Deep Sliding Shapes for Amodal 3D Object Detection in RGB-D Image

I saw this article two days ago, after reading it, I want to sort out my thoughts.
The author of this article is from Princeton, and the article was published in CVPR16, the original text is here.

Abstract

We focus on the task of amodal 3D object detection in RGB-D images , where the goal is to generate 3D bounding boxes of objects in metric form at the maximum scale. We introduce Deep Sliding Shapes, a 3D ConvNet formulation that takes as input a 3D stereoscopic scene in RGB-D images and outputs 3D object bounding boxes.

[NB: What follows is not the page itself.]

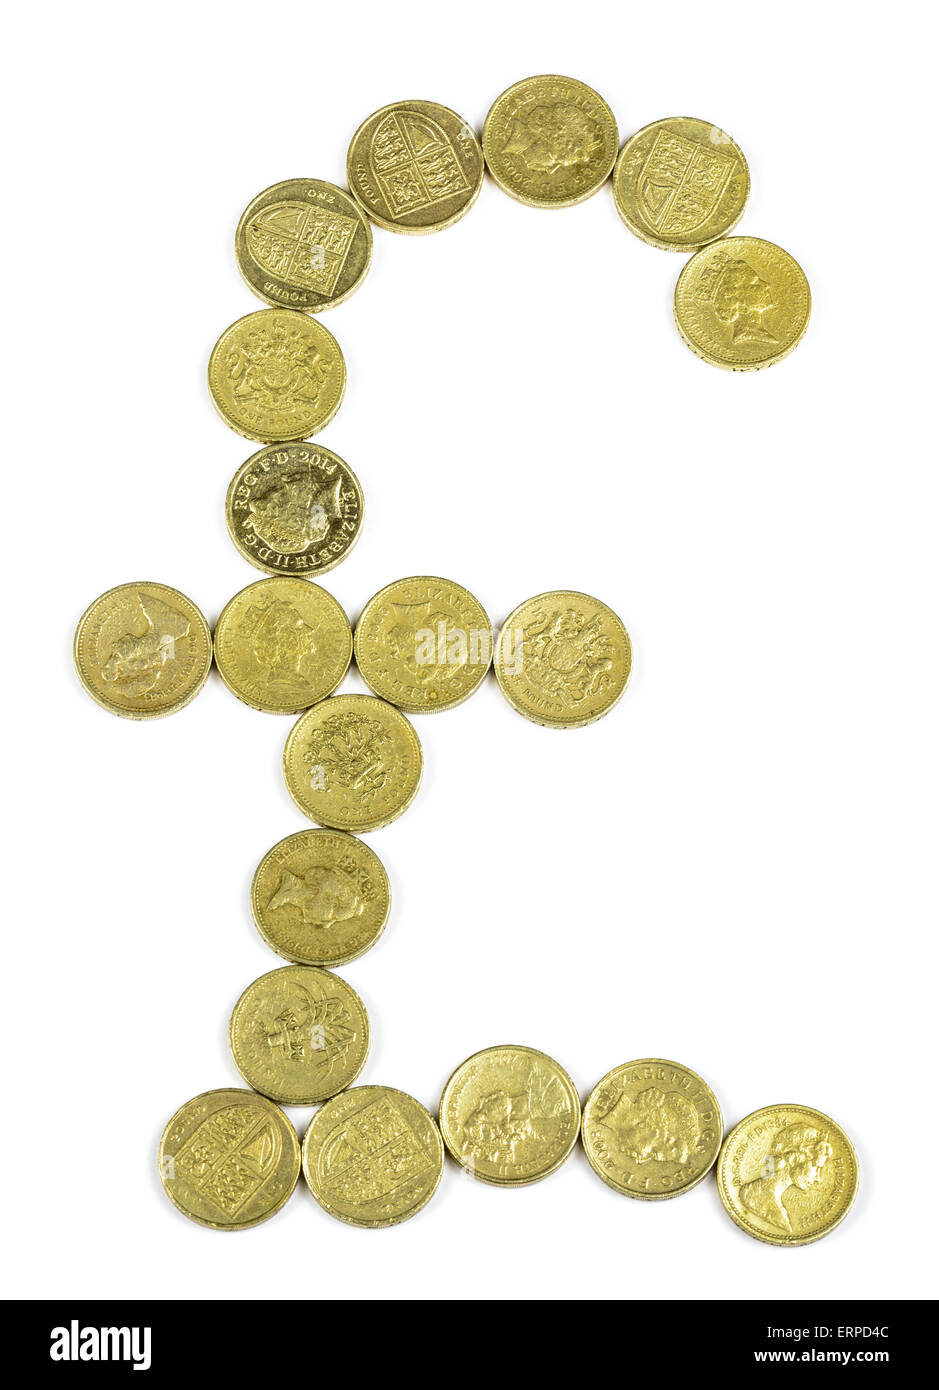 Zerstoßen Sie Zeichen von britischen Pfund-Münzen auf einem weißen Hintergrund. Stockfoto
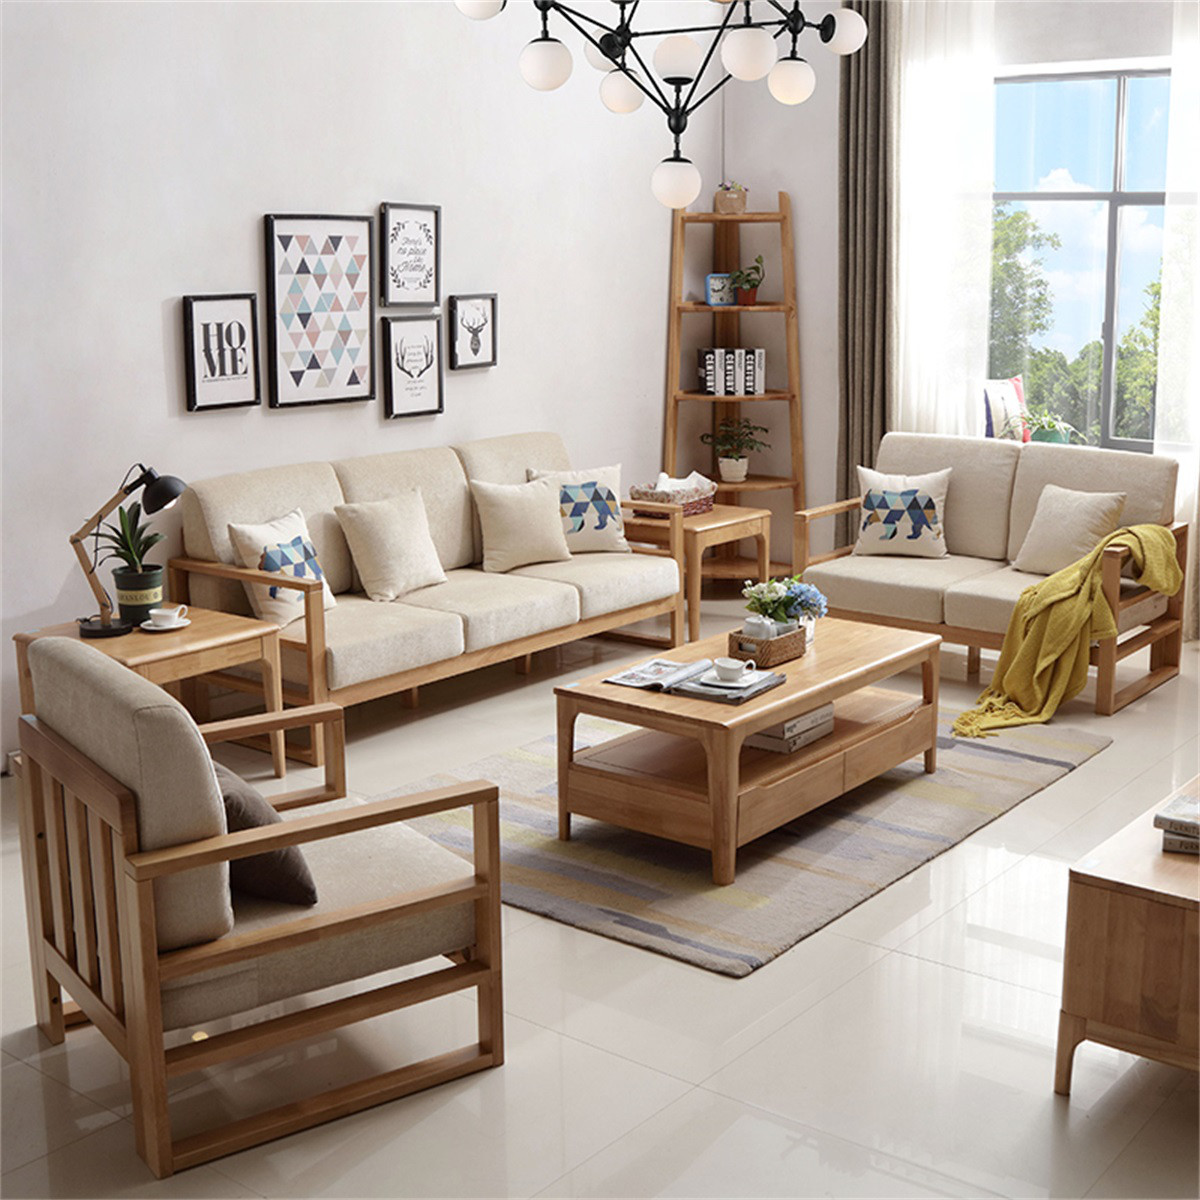 北欧全实木沙发组合简约现代小户型双人三人沙发客厅家具

In our approach, we propose the first 3D Region Proposal Network (RPN) to learn objectness from geometric shapes, and the first joint Object Recognition Network (ORN) to extract geometric features in 3D and colors in 2D feature. In particular, we regress 3D bounding boxes by training two different scales of modality-free RPN and ORN to handle objects of various sizes. Experiments show that our algorithm is 13.8 times better than the state-of-the-art in terms of mAP and is 200 times faster than the original "sliding shape". Source code and pre-trained models are provided .

In this article, the author focuses on the task of amodal object detection (amodal object detection) for RGB-D images, aiming to obtain the 3D bounding box of the object, and the complete bounding box of the target in the 3D world can be obtained . Not affected by truncation or occlusion.

At that time, the 2d-centric deep RCNN network was superior to the 3d-centric network, but the reason may be due to the strength of the ImageNet database and the maturity of the network design, so the author asked whether deep learning in 3d can provide A more robust detection method?

contribute

1. The 3D Region Proposal Network (RPN) is proposed for the first time;
insert image description here
2. The joint object recognition network (joint ORN) -----2D ConvNet is proposed for the first time to extract image features, and the 3D ConvNet provides deep geometric features;

3. The 3D frame is directly used for the first time, And experiments have been done to show that 3D ConvNet can better encode geometric features.
insert image description here
Secondly, the author also discusses 5 reasons why the algorithm is good :
Our design takes full advantage of 3D. Therefore, our algorithm naturally benefits from the following five aspects:
First , we can predict the 3D bounding box without the extra step of fitting the model from additional CAD data. Since the network can be directly optimized for the final goal, the pipeline can be greatly simplified, speeding up and improving performance.
Second , modality proposals are difficult to generate and recognize in 2D due to occlusions, limited field of view, and large size variations due to projections. But in 3D, since objects of the same category usually have similar physical dimensions, and the interference of occluders falls out of the window, our 3D sliding window proposal generation can naturally support pattern-free detection.
Third , by representing shapes in 3D, our ConvNet can learn meaningful 3D shape features in a better aligned space.
Fourth , in RPN, the receptive field in nature represents size naturally, which guides our architectural design.
Finally , we can exploit simple 3D context priors by using a "Manhattan world" assumption to define bounding box orientations.

process

1. 3D coding representation

In this paper, Truncated Signed Distance Function (TSDF) is used for 3D code representation, and the 3D space is converted into an equidistant 3D voxel grid. Using directional TSDF, each voxel stores [dx, dy, dz], and records three The distance of the closest surface in each direction, and then also use the projected TSDF to speed up the calculation.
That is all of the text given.